The Shallow End of a Nameless Lake

I was fourteen years old and twelve miles into the backcountry on the North Slope of the Uinta Mountains. My brother Justin and I were away from camp, hiking off trail, and looking for a lake. In the Uintas, you don’t generally have to look far.

In this instance, the maps showed an unnamed lake one ridge over from the lake our Boy Scout troop was camped at, so it did not take us long to reach our destination, even though there was no real trail. We walked around the new lake, which felt miles from anywhere. I have never felt so isolated as I have fishing no-name, no-trail lakes a dozen miles from a trailhead.

Then, in a sudden rush of sound and wind and confusion, a small plane shattered the sky and the easy silence. It flew low over the granite peaks and dropped a payload of fingerling trout into the clear water.

I had never seen an aerial stocking, and I haven’t seen one since. It was more than twenty years ago, but I remember the sound, the rushing whine of the engine that broke the wilderness calm, the heavy wind and metal of the plane as it roared into the granite bowl and blasted its way out as fast it came, the engine’s volume chasing after.

We made our way around the lake to the shallow end and waded out to some boulders whose peaks triangled out of the water twenty feet from shore.

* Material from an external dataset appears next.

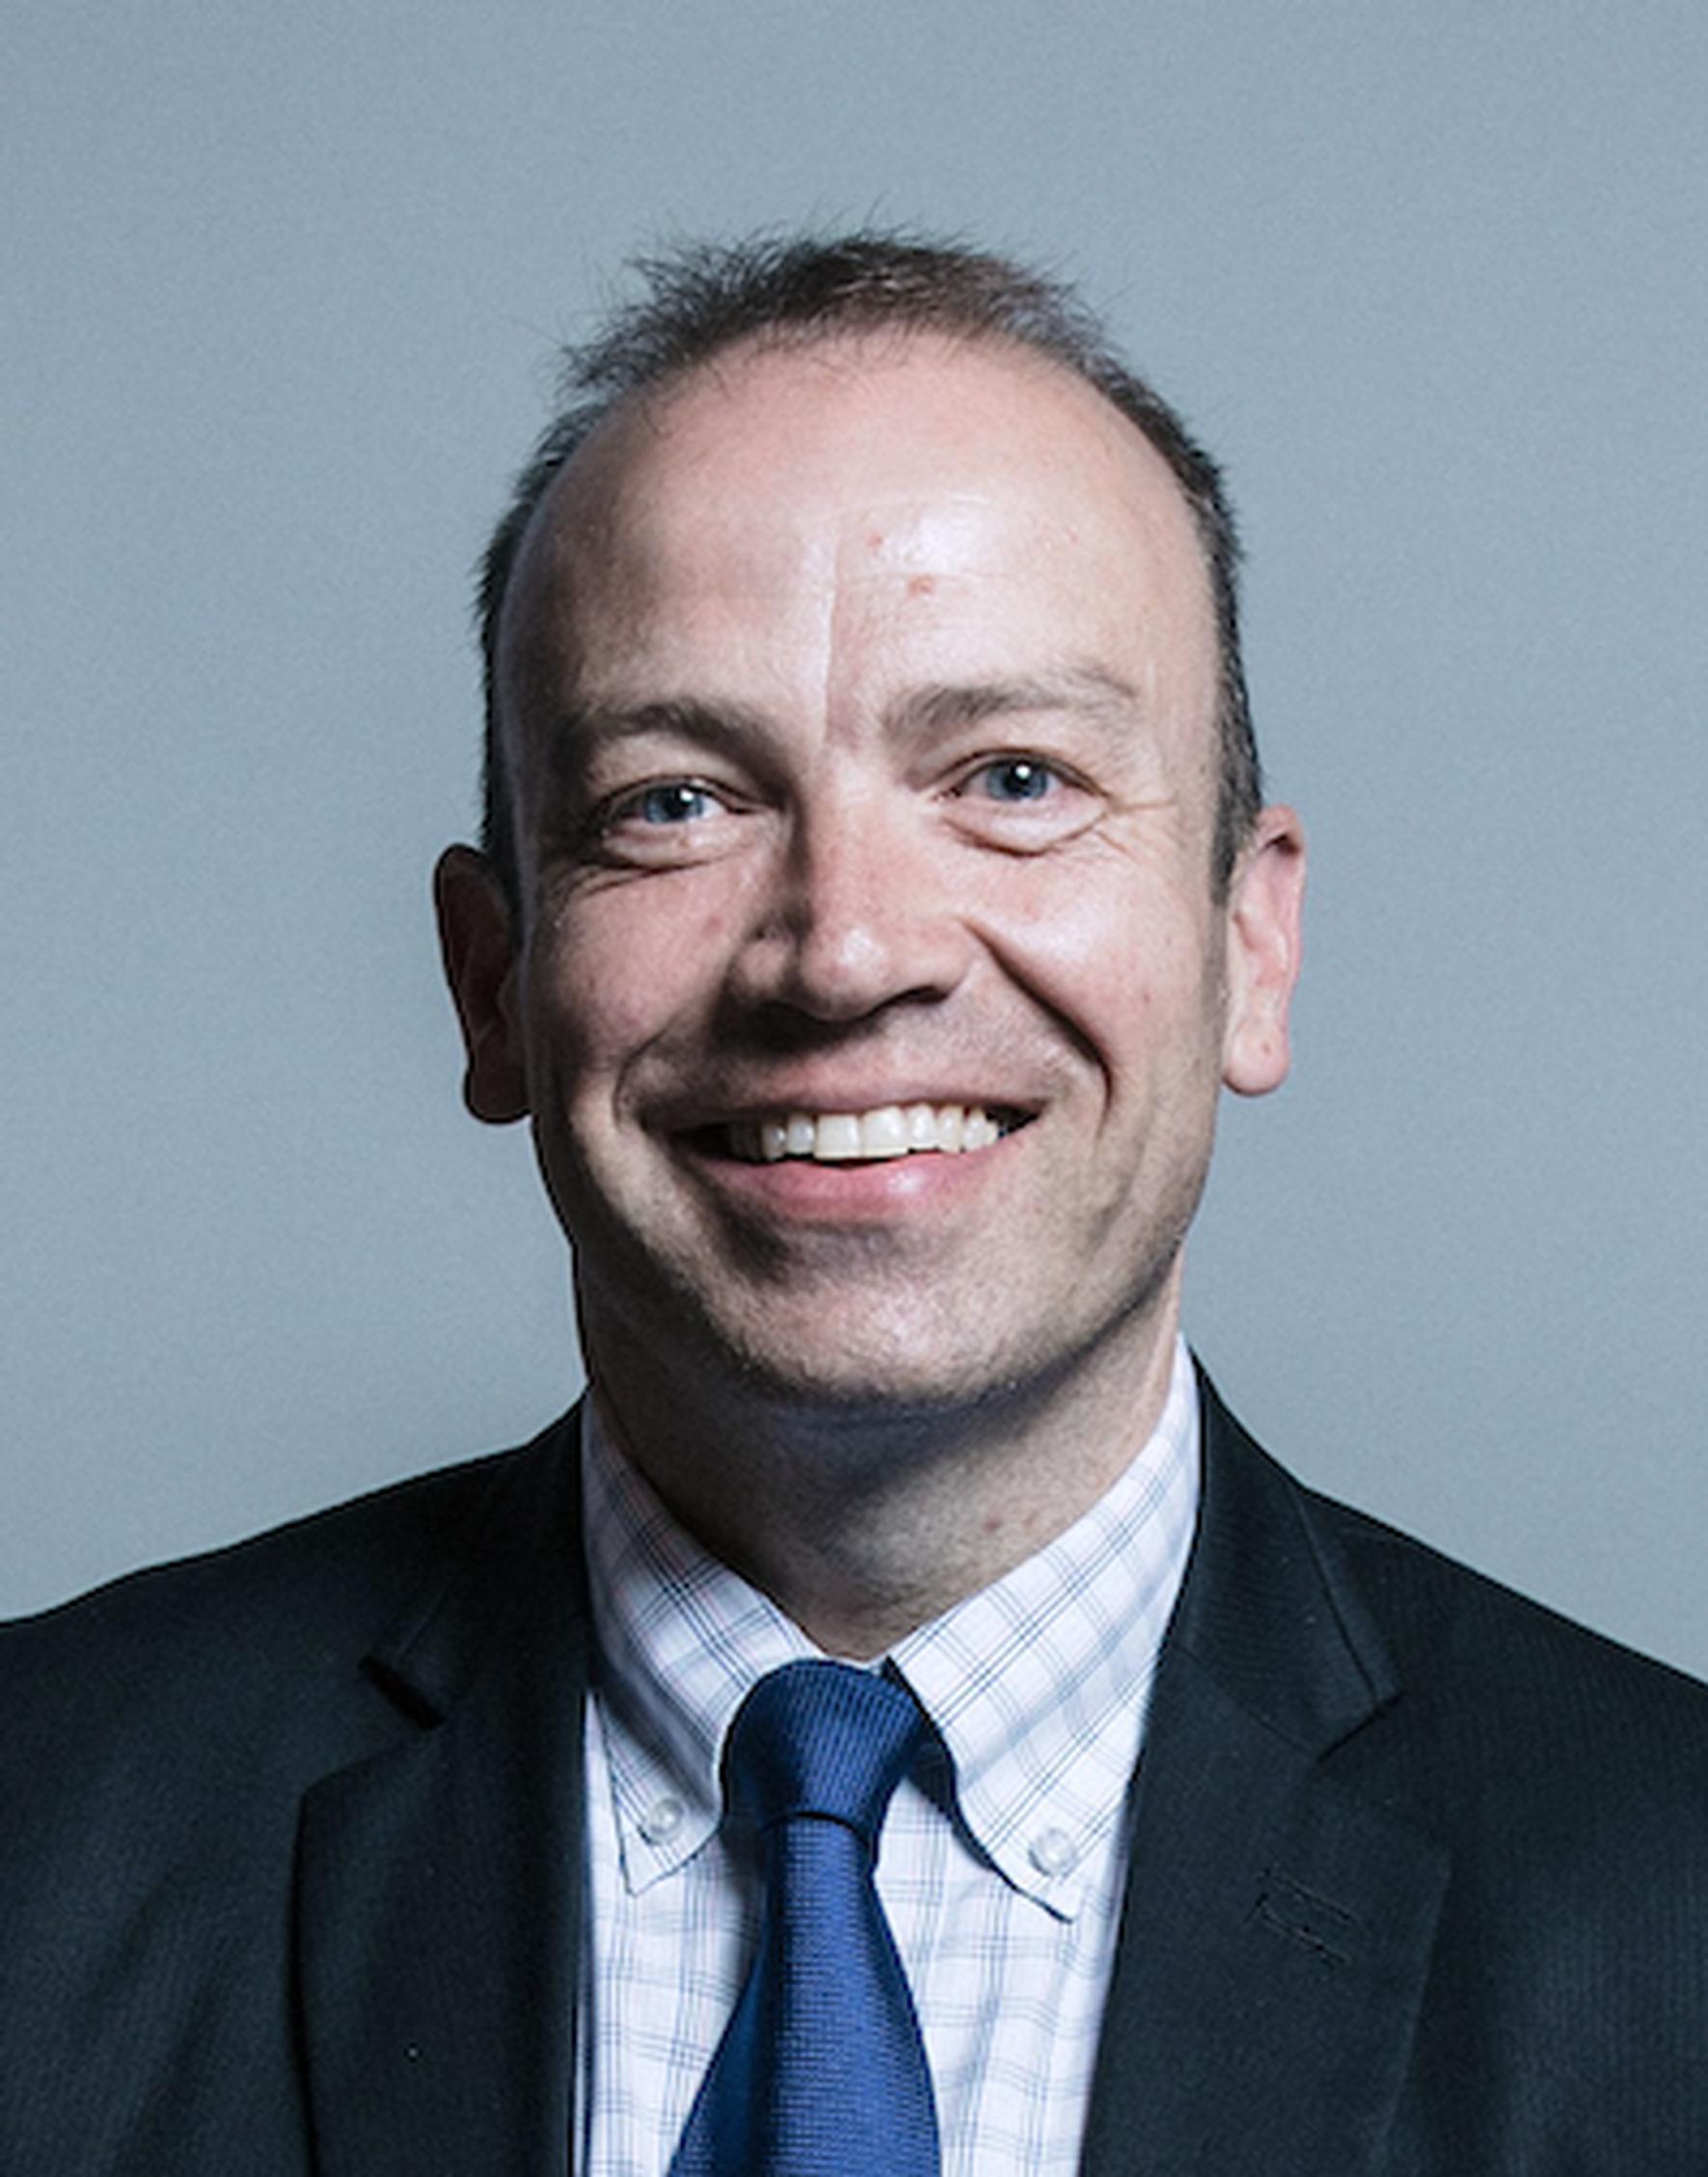 Transport minister Chris Heaton-Harris

There—in the small waves sparkling around those boulders—were the casualties. Several dozen hatchery minnows hadn’t survived the drop, floating in the shallows, telling us something about pine trees and stone, wild places, and man’s attempts to tame anything so primal and impenetrable as a castle of gray stone peaks and the endless blue of mountain lakes.

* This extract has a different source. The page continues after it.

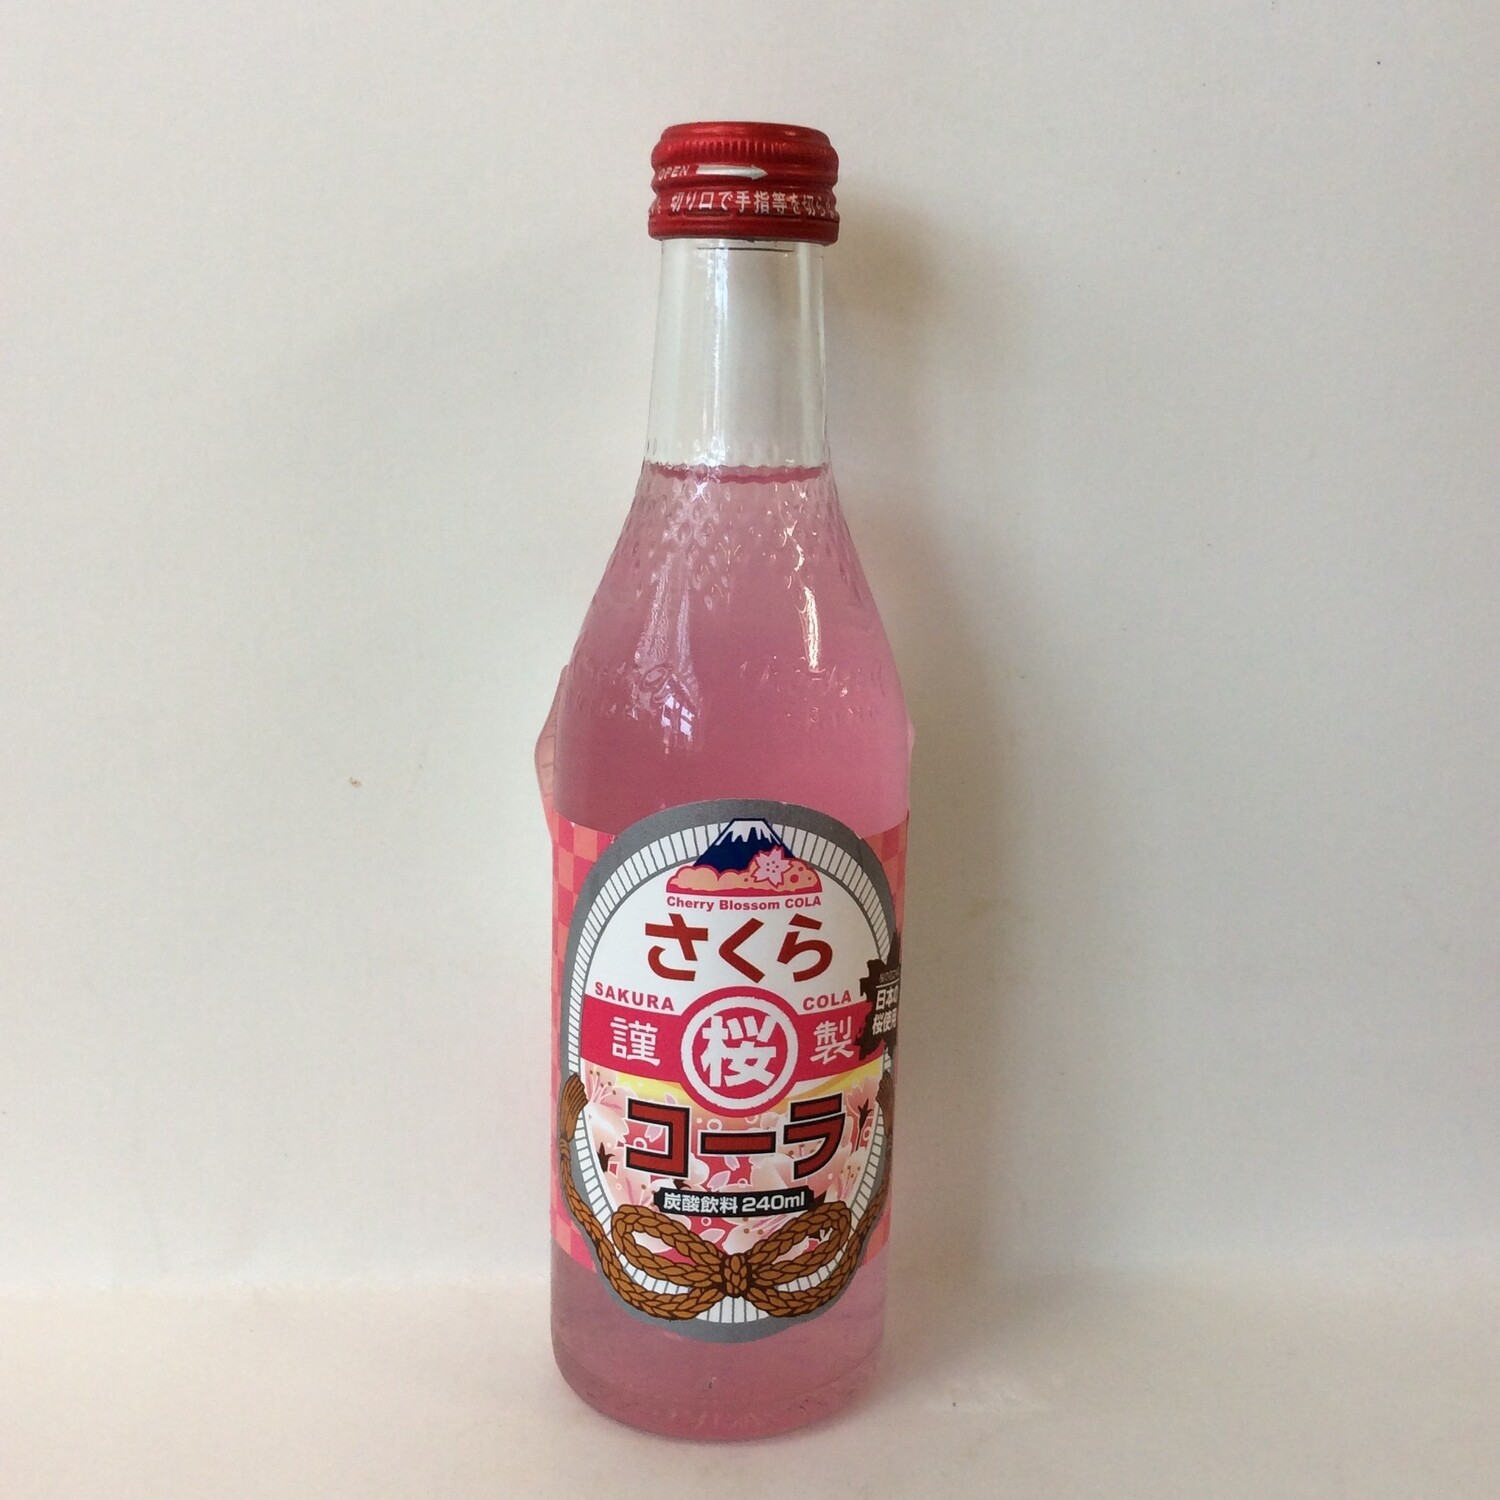 Kimura Sakura Cola 240ml

Seeing those trout floating belly up in the shallows, I leaned close to listen, to hear something that goes on long and lasts into the dense star-filled black of a mountain night. Something that can’t be spoken or made domestic. Something that exists in only a few wild places that haven’t been bent to the service of commerce. Something that speaks quietly if it speaks at all. My brother and I waited, knowing that something important was happening.

I am still listening, sure there is something else to hear, leaning close and waiting.